January 09, 2025
Emotions
Emotions
Can an LLM identify emotions? This is a very difficult topic. It starts with the fundamental problem of what emotions even are, and what their purpose is. I will not go into a deep analysis of this because I am not the most qualified person to do so.
In this project, I am solely looking for the trace of emotions within textual content.
My observation is that language models – in possession of sufficient context – are capable of determining:
Real Intent My observation is that language models – in possession of sufficient context – are capable of determining the real intent from the text. They do not look at the literal meaning of words, but rather at what the user’s intent is aimed at.

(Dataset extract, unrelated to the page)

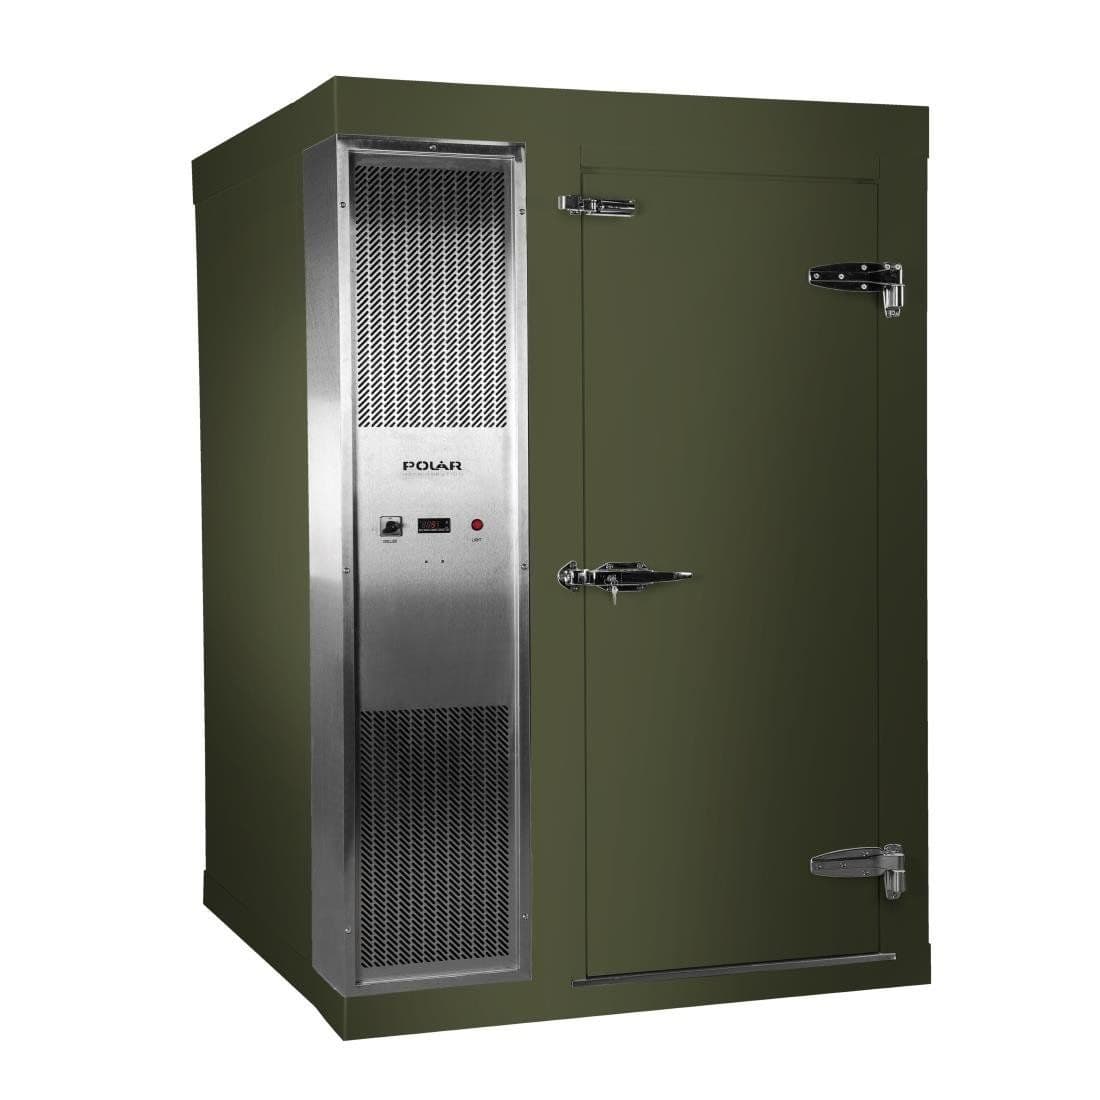 DS487-FGN Polar U-Series 2.1 x 1.5m Integral Walk In Freezer Room Green JD Catering Equipment Solutions Ltd

Capable of characterizing the user From a longer conversation covering multiple topics, the model gives a surprisingly good character description and is capable of describing the user’s traits. These pieces of information (intent, speaker’s character) are the deeper patterns of the text material.
Since there are fairly good observations regarding these. My assumption is that it is capable of recognizing the deeper connections of the text material, so I assumed that it might be able to define the emotional aspect of the text as well.
My concept is based on the idea that if I view the LLM with an “embedding mindset” – meaning the text material is located in an N-dimensional space – then presumably the words responsible for emotions are located in the environment used to express them.
The system continuously saves memories on the Monologue thread, and generates emotional tags for them to keep the database consistent. To do this, it must choose from a fixed vector (taxonomy), which currently looks like this:
Joy, Serenity, Calmness, Admiration, Trust, Acceptance, Fear, Apprehension, Surprise, Distraction, Sadness, Pensiveness, Boredom, Anger, Annoyance, Vigilance, Anticipation, Interest, Love, Submission, Awe, Disapproval, Remorse, Optimism.
Thus, memories are tagged based on emotion. With every LLM call, relevant memories are injected into the topic, based not only on context but also on emotional overlap.
This type of input call is difficult to analyze. It could only be validated by comparing what response the model would give if these memories did not go in. I already have code attempts for this locally, but I will not go into observations yet. The result would presumably be distorted, and I might just project what I imagine into it.